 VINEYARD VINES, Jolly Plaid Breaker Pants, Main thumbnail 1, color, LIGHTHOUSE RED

++++

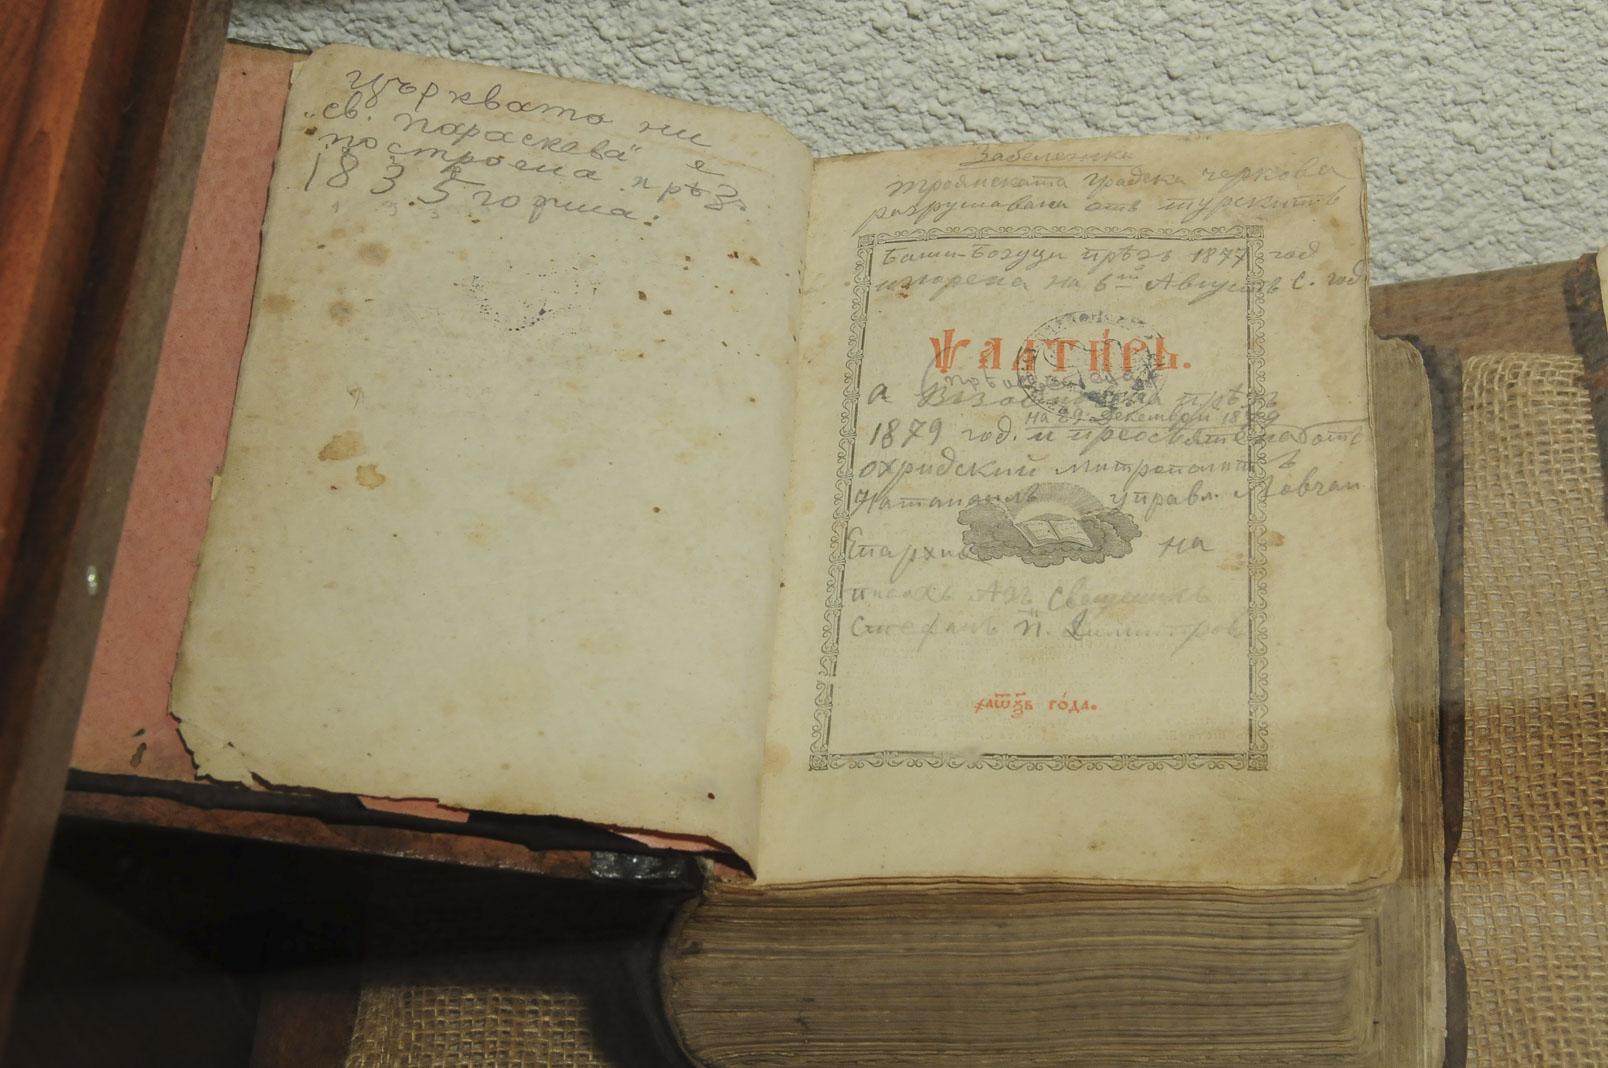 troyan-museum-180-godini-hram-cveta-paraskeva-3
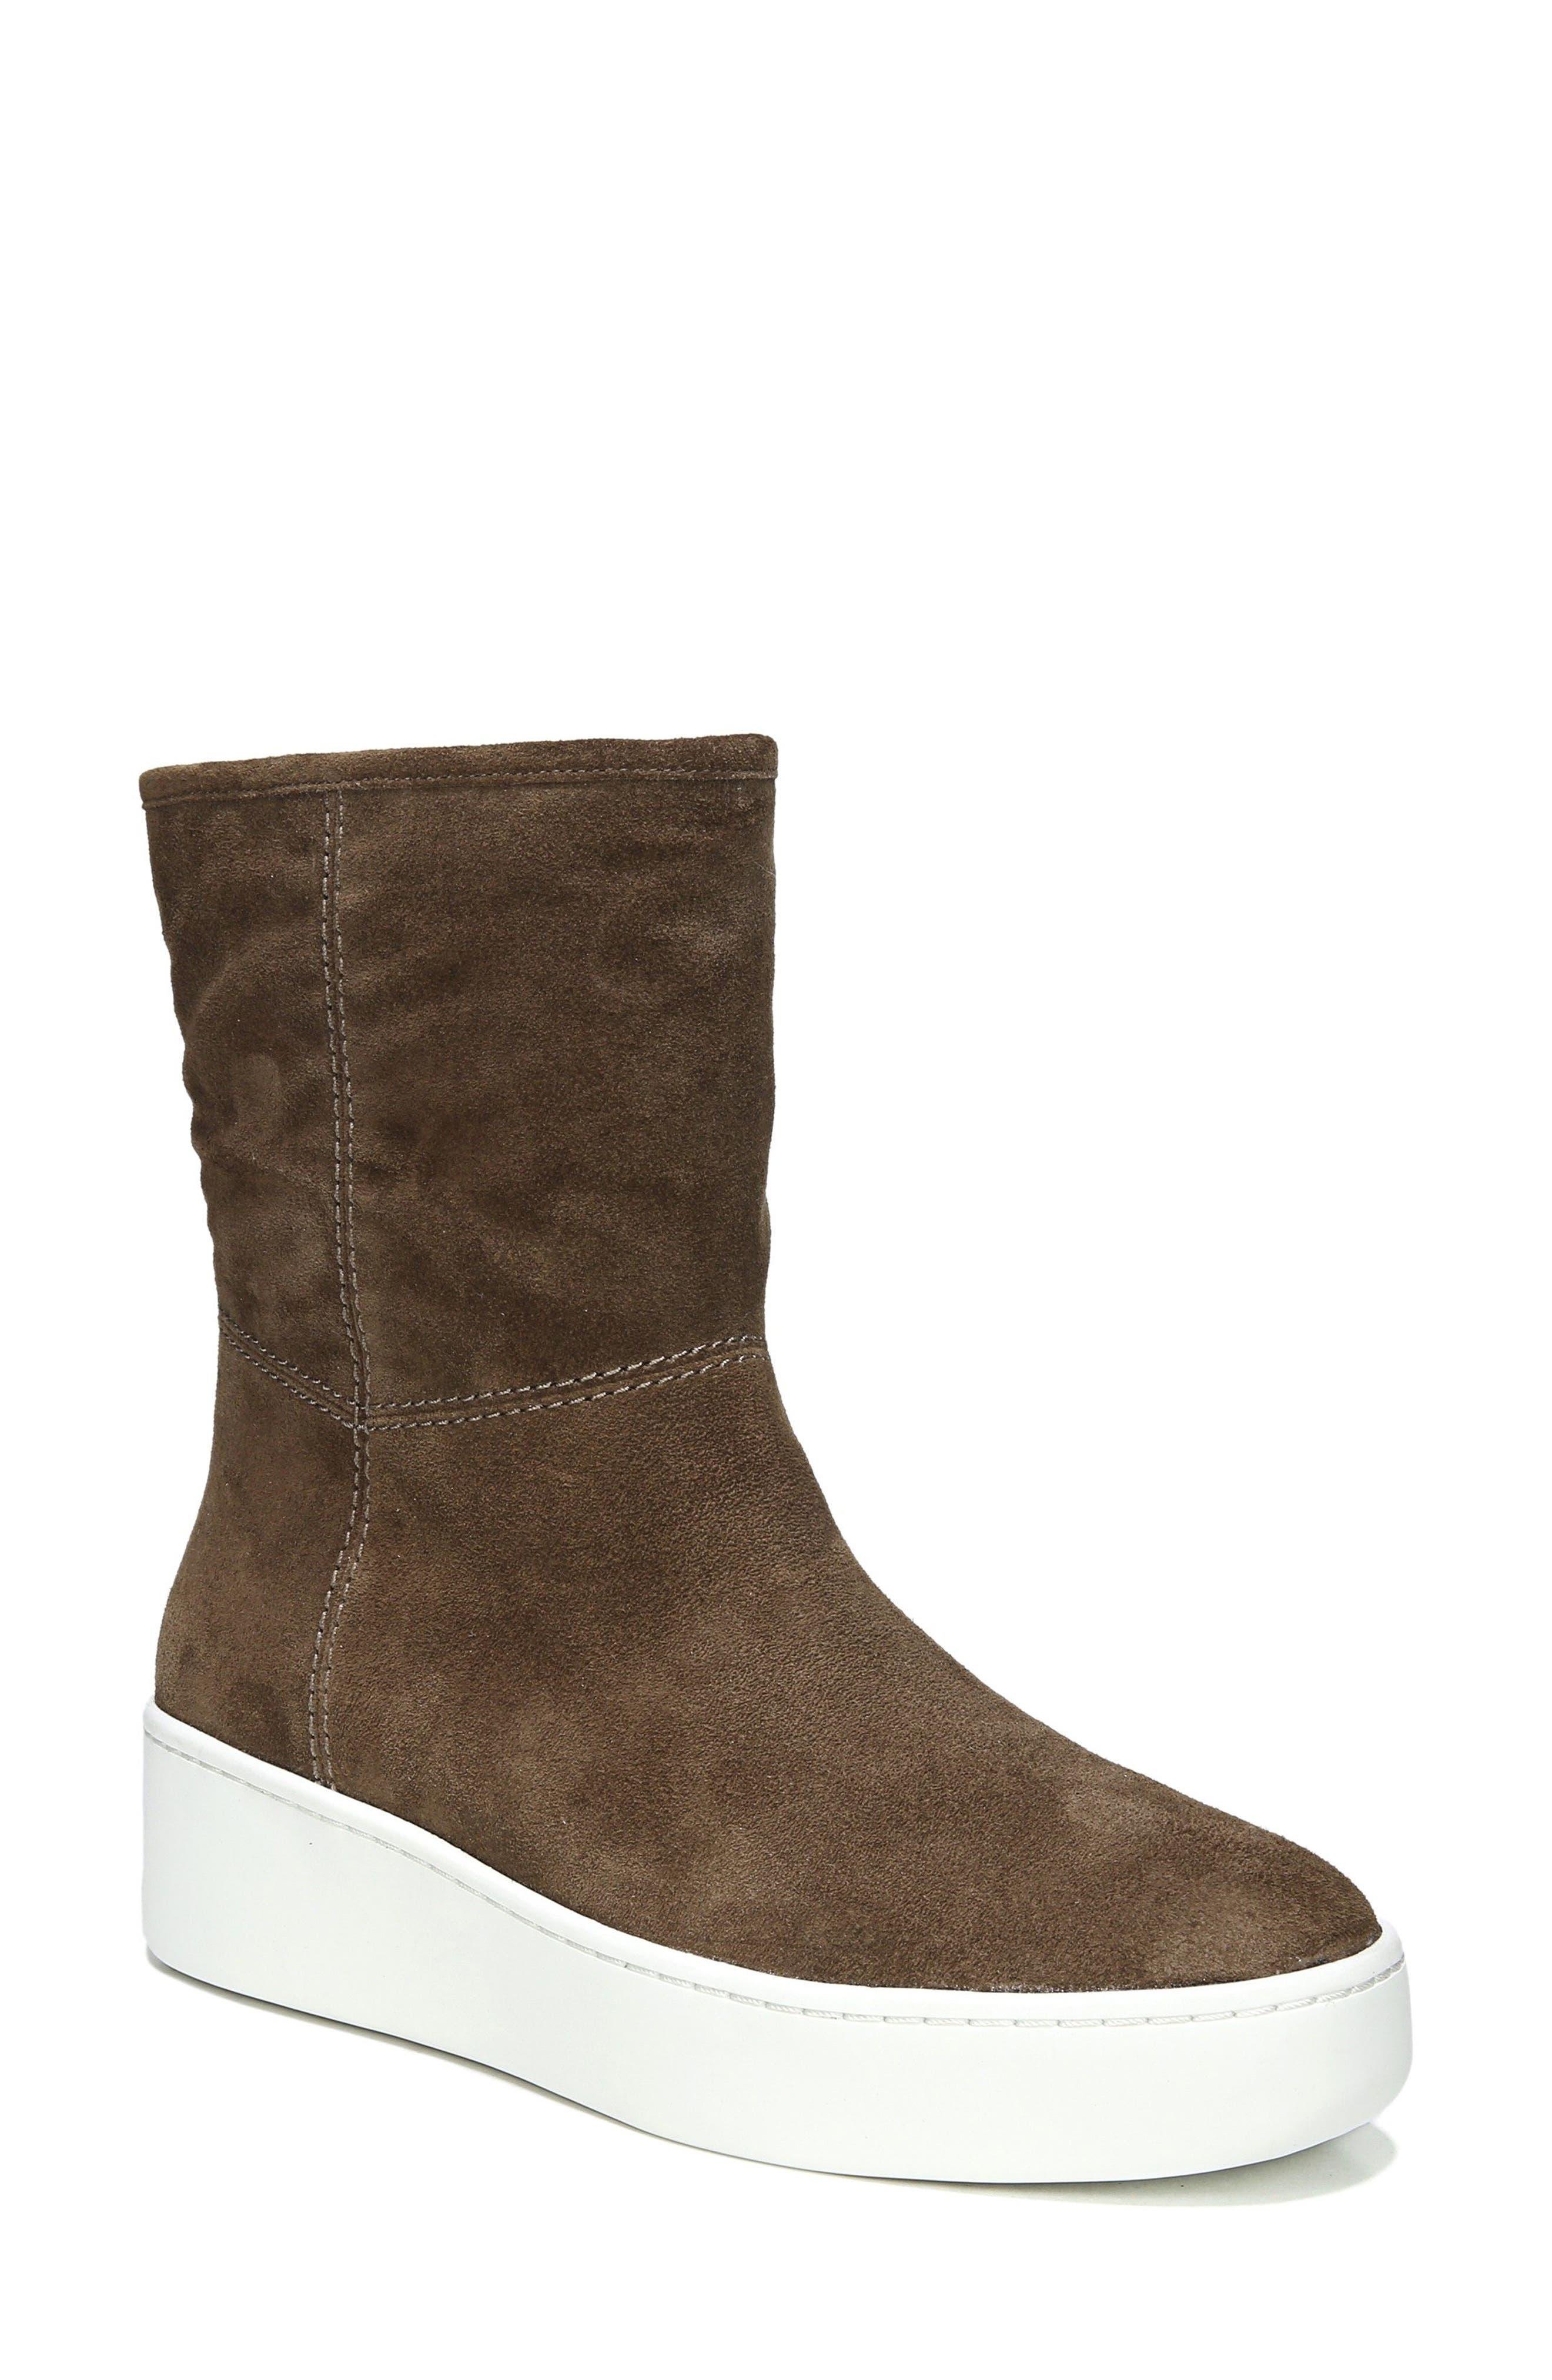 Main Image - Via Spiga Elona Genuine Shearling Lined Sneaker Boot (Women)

++++

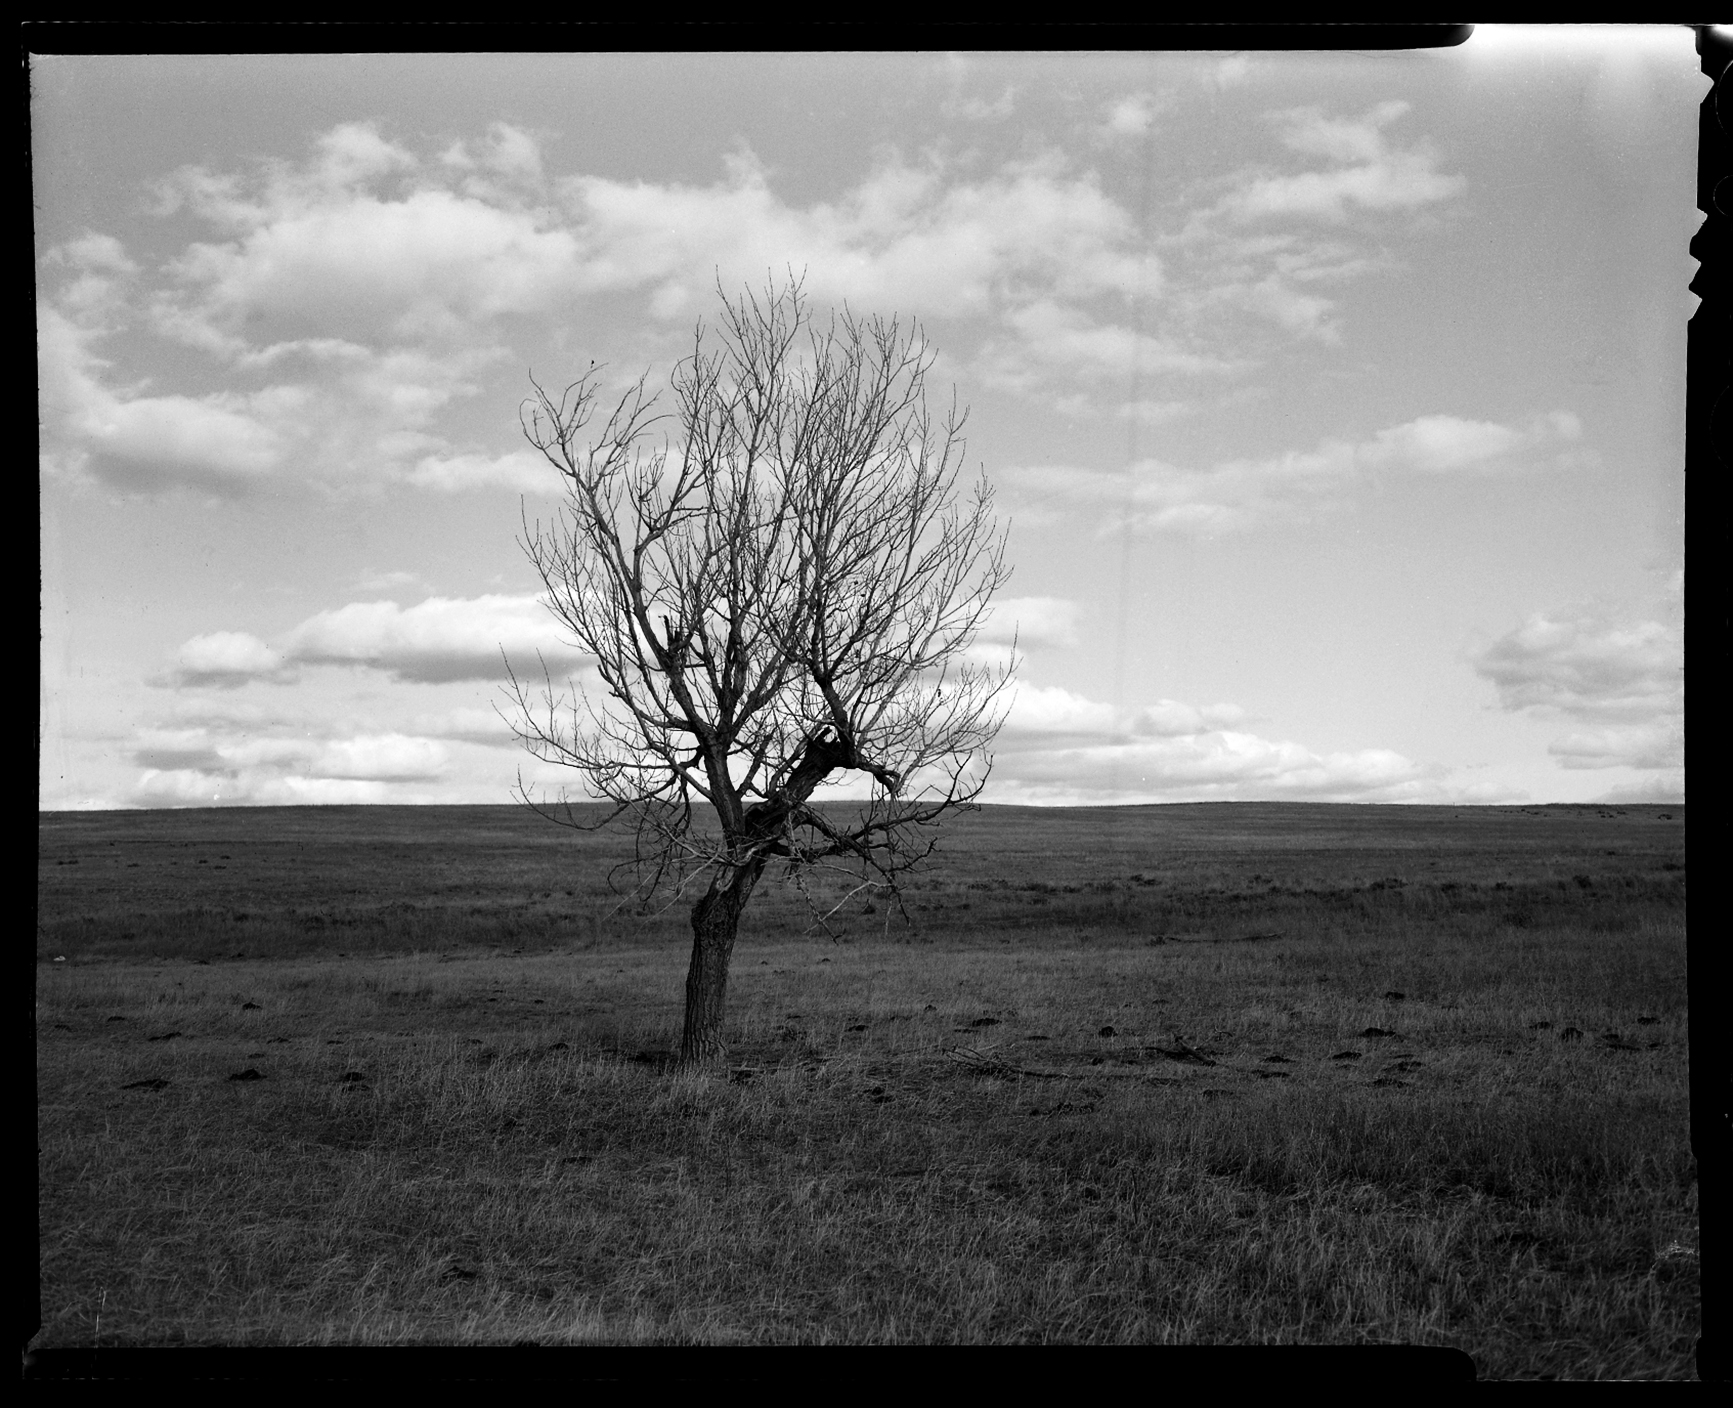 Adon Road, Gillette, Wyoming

++++

_ACTIVITY_
Would you transcribe the lines above exactly, going from the line bearing "troyan-museum-180-godini-hram-cveta-paraskeva-3" through the line bearing "Main Image - Via", and drop the pictures from the copy?

_YOUR SOLUTION_
 troyan-museum-180-godini-hram-cveta-paraskeva-3
 Main Image - Via Spiga Elona Genuine Shearling Lined Sneaker Boot (Women)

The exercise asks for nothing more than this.